Archive for November, 2009

The business of 3D

I’m preparing to start launching a series of videotutorials on stereoscopic 3D production in the next weeks. These will also be the first tutorials on this site. As some of you know I’m currently in production on my next film “Ghostface” (“Den Som Knackar” in it’s original swedish working title). This will be the first effort to make a stereoscopic movie for the big screen and VOD.

I chose to shoot the film in stereoscopic because I wanted to experiment with the experience and the techniques involved if you really want to tell your story with that third dimension added.

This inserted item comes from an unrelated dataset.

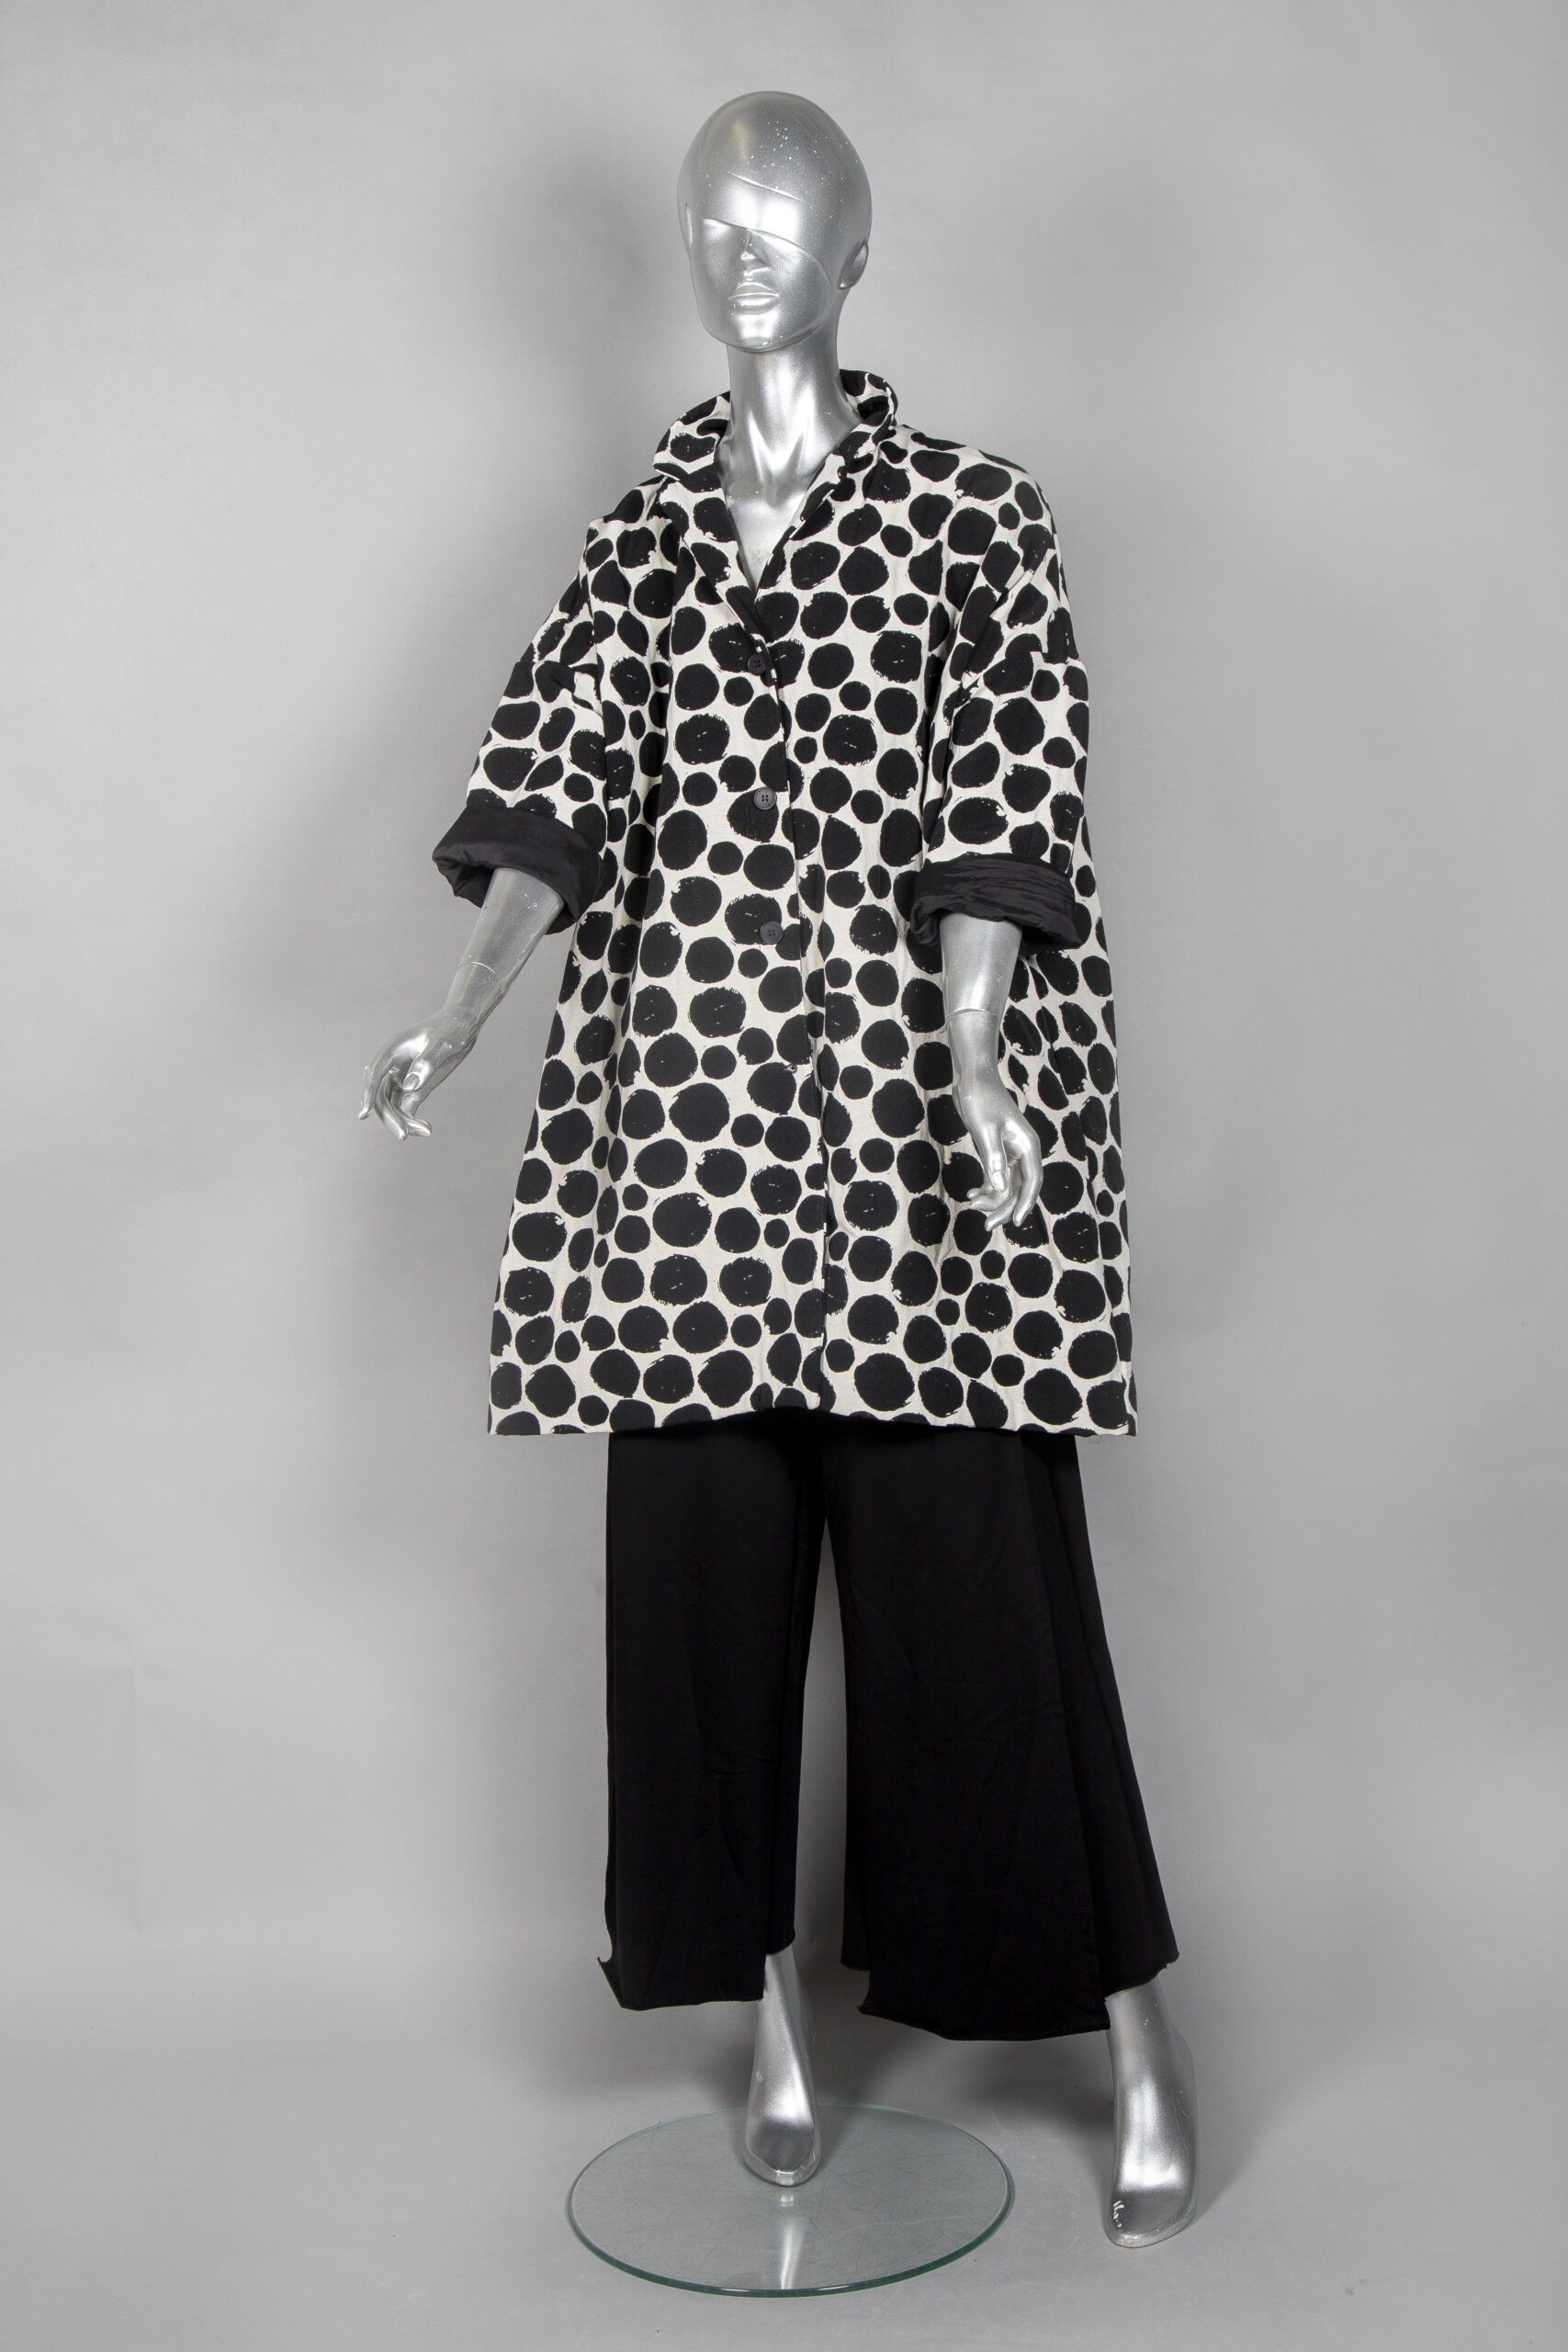 Chiara Oversized Linen Tunic/Dress

All of the major distributors is – as far as I can tell – only in it for the extra bucks they can charge the audience for 3D. Very few films are actually using stereoscopic technology to actually help telling the story in a different way from 2D. I was really surprised as to how a quality brand studio like Pixar could actually put out a film like “Up!” in stereoscopic when they did it so completely wrong. “Up!” is a poor example of the power of stereoscopic visual storytelling.

My little ghost story “Ghostface” is on the other side of the spectra. It’s not trying to be big. It’s not trying to please everyone – not even the genre buffs. It’s a little story of six people and a ghost in a house. It’s shot in HDV and it’s shot stereoscopic. And we shot the whole film in three days last summer. But it was SUPER-important to me that the stereoscopic technology would bring something to the table – and it did. It brings a dimension to the film that would never have been there in a 2D telling of the story. It creates a pacing and a style of cutting. It dictates rules for the music and the sound effects. I love it because it puts the eyes of the audience in the center again. The camera becomes an important actor. And most importantly – it puts both of the audiences eyes in the center of events. It’s the most fun I’ve had with a camera on set ever.

This is my stereoscopic setup. It’s two Canon HV40′s and a design for adjusting the parallax that I did. How this works will be included in the coming video tutorials.

Limitation is the mother of creativity

I’d just like to kick off this web site with a few words.

The development of low cost – low budget cameras and shooting gear has an interesting story. Back in the days of celluloid. Way back. Before Lucas, Spielberg and the Blockbuster – the DP*s used to struggle with a set of limitations that today is the aesthetic rules for everything we perceive as a “movie”.

  • Limited film stock that had way too much grain and was way to bad at handling low light exposure. The dimmer the light – the worse the grain got.
  • To compensate for the horrible grain situation the DP’s (or Cameramen as they used to call them back when the movie industry was a girl free zone) had to use a reasonably balanced mix between large negative and not getting fired for excessive film stock use. They chose 35mm.
  • When you try to escape the horrible grain situation (after all this was Hollywood – the home of the Glamorama – not some east German art gig) by widening the physical plane your recording images at you get a shallow focus situation. This was OK when it was time to shoot the female lead super tight close up – but for general shots it was in many cases a disaster. To try to manage this situation the sets of olden Hollywood was so flooded in electrical light and lenses where built to specification in the strangest German laboratories. The first often resulting in actual blindness of movie technicians and stars.

This brings me to the current development of real movie making. Hollywood as you now know from suffering through all these brainless CG-fests in the last years is not the home of real movie making anymore. It’s the home of bankers and lawyers and agents and huge bank accounts and disastrous loaning situations. The real movie makers today are the people like you and me. We’re picking up where the old guys lost their jobs to hordes of underpaid computer nerds. And the technological development of today is in sync with the way the used to make films. That’s the excitement of it all.

  • Today we are struggling with the grain situation again. But this time it’s not emulsion on celluloid – it’s compression artifacts from using experimental codecs like .mp4 and .m2t and so on.
  • As a result of the self-unemployed situation – the nature of today’s real filmmaker – we seek the gear that will give us Bang enough to still pay our bills and un-cumbersome enough to not have to quit our day jobs looking for funding so we can hire huge crews to drag gear around. It used to be you got fired by the producer. Now you’re already fired – but since your a real filmmaker, you don’t care.
  • To compensate for the fact that we are using sub standard signals (the stock of our days) we can at least try to fool Joe Public by giving our content that look of “cinema” by either using 35mm adapters or by shooting using DSLR’s. Because that shallow focus situation is not only the way we perceive some thing as a “movie”. It actually IS a “movie” in terms of language and if we use the technology in the right way. The language of films invented a hundred years ago is based around what a say 50mm lens does at a certain distance from an actor. It creates a frame. And several frames i n sequence creates a movie. Those frames and how they behave and what they say to us is the language of cinema.

History repeats itself. The last fifteen years have been an incredibly exciting time to be a filmmaker. A real one that is. And it’s only getting better. Enjoy.